Finally, the remaining larger intensity deviation for oxygen using
CC2 is for system 34 (cyclohexadione), and the spread and maximum
deviations of ADC(2) and CC2 are thus again very similar when this
system is taken out of the analysis. Care thus needs to be taken in
particular for the oxygen K-edge when ADC(2), CC2, or related methods
are used. Still, the error spreads and maximum deviations using these
relatively cheap methods are encouraging; in particular for the carbon
K-edge, the error spreads amount to 0.15–0.25 eV and 5–9%,
similar to the ones between ADC(2)-x and EOM-CCSD.Finally,
for ADC(3/2), the discrepancies to reference values are
increased in almost all cases, save for oxygen intensities. ME spreads
are seen to amount to 0.36–0.57 eV or 7–15%, with deviations
in all cases being smaller when compared to those in EOM-CCSD. This
is somewhat surprising, seeing that ADC(2)-x is an extension of ADC(2)
with the doubles block taken from ADC(3). The poor performance of
ADC(3/2) for core excitations has been analyzed in ref (36) and was attributed to
a broken error cancellation at this level of theory. As such, ADC(3/2)

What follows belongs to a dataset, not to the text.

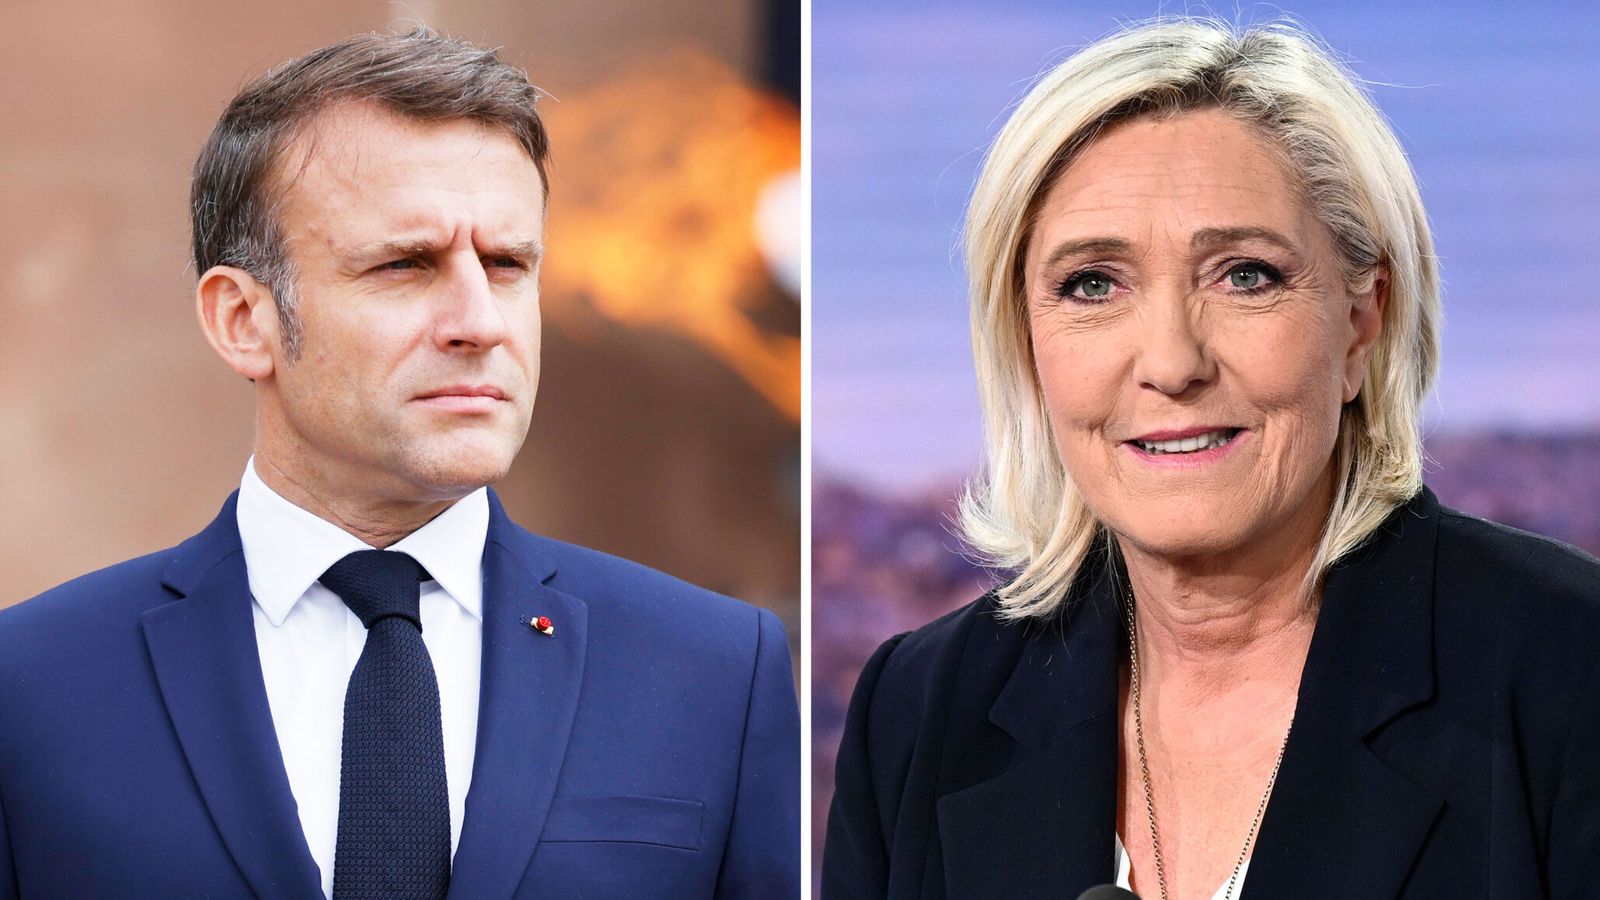 Ouverture des bureaux de vote pour les élections françaises qui pourraient voir l’extrême droite au pouvoir | Actualités du monde
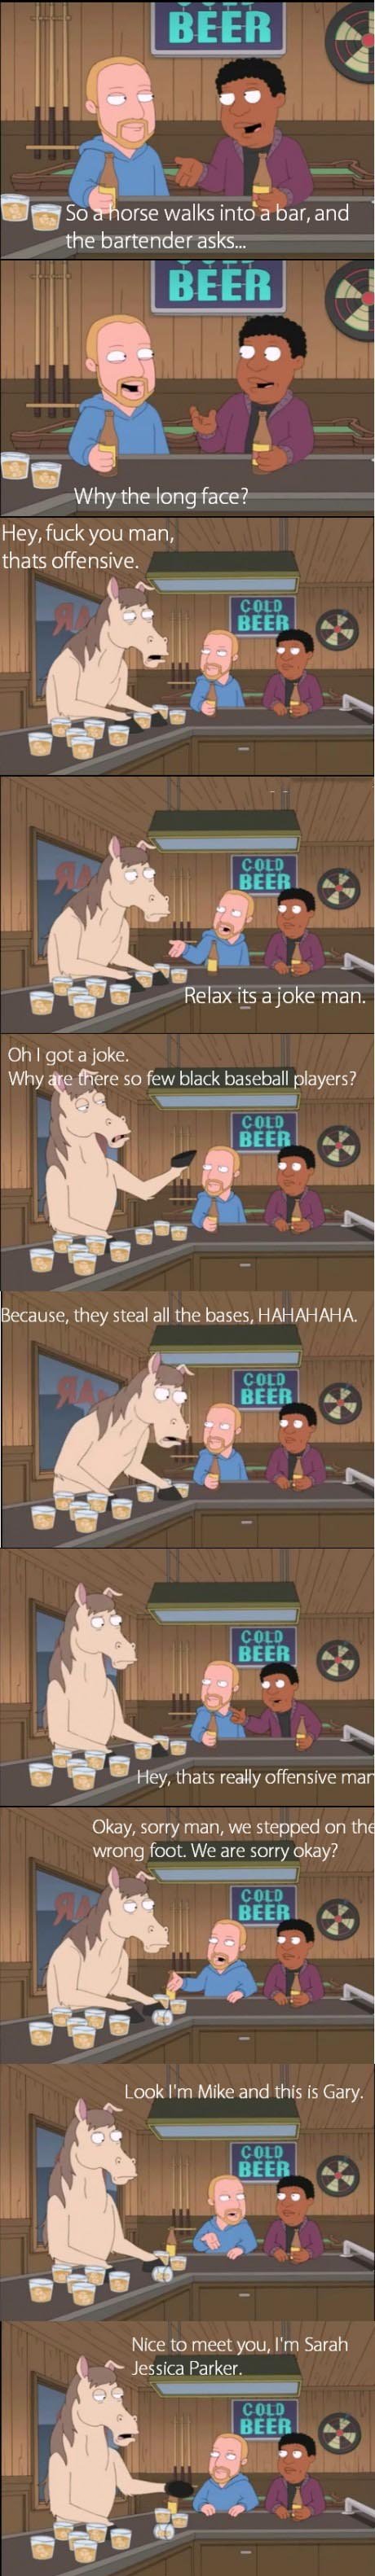 So a horse walks into a bar...

is not recommended for the calculation of X-ray absorption spectra,
as it yields noticeably worse results than ADC(2)-x, at a rather substantial
increase in computational costs.
Time-Dependent DFT
For TDDFT, we have included results
for eight different exchange–correlation functionals, chosen
to be representative of the functionals generally applied for calculations
of X-ray absorption spectra. There exists a wide range of additional
functionals in use,[80−82,86−88] but we believe the selection here to provide results also applicable
to many of these others.First, one pure GGA (PBE) is included,
primarily to show the performance of this functional class and to
contrast to the TP-DFT results. Large errors are found in all cases,
with error spreads of 0.51–0.77 eV and 29–47% and maximum
deviations reaching upward to 1.53 eV and 90%. Such GGA functionals
are not recommended for any production calculations, but they can
be compared and contrasted to CIS in order to see what happens when
exact exchange is added. The CIS overestimation of transition energies
of 9–17 eV becomes an underestimation of 17–24 eV, and
intensities reach from about two times larger than reference values
to only half. The energy discrepancy results from the self-interaction
counteracting the lack of relaxation, and balancing these two effects
will be the approach to improve TDDFT results.Second, we have
included three global hybrids, namely, B3LYP, BHandHLYP,
and B0.58LYP. The latter has been constructed to achieve
accurate absolute core excitation energies for second-row elements
and has been given 58% global nonlocal exchange. Increasing the amount
of nonlocal exchange increases transition energies and intensities,
resulting in changes of up to 17 eV. Focusing instead on error spreads
and maximum deviations, the picture becomes less clear. B3LYP exhibits
error spreads of 0.25–0.41 eV and 7–22%, BHandHLYP exhibits
error spreads of 0.14–0.57 eV and 3–16%, and B0.58LYP exhibits error spreads of 0.22–0.68 eV and 2–18%.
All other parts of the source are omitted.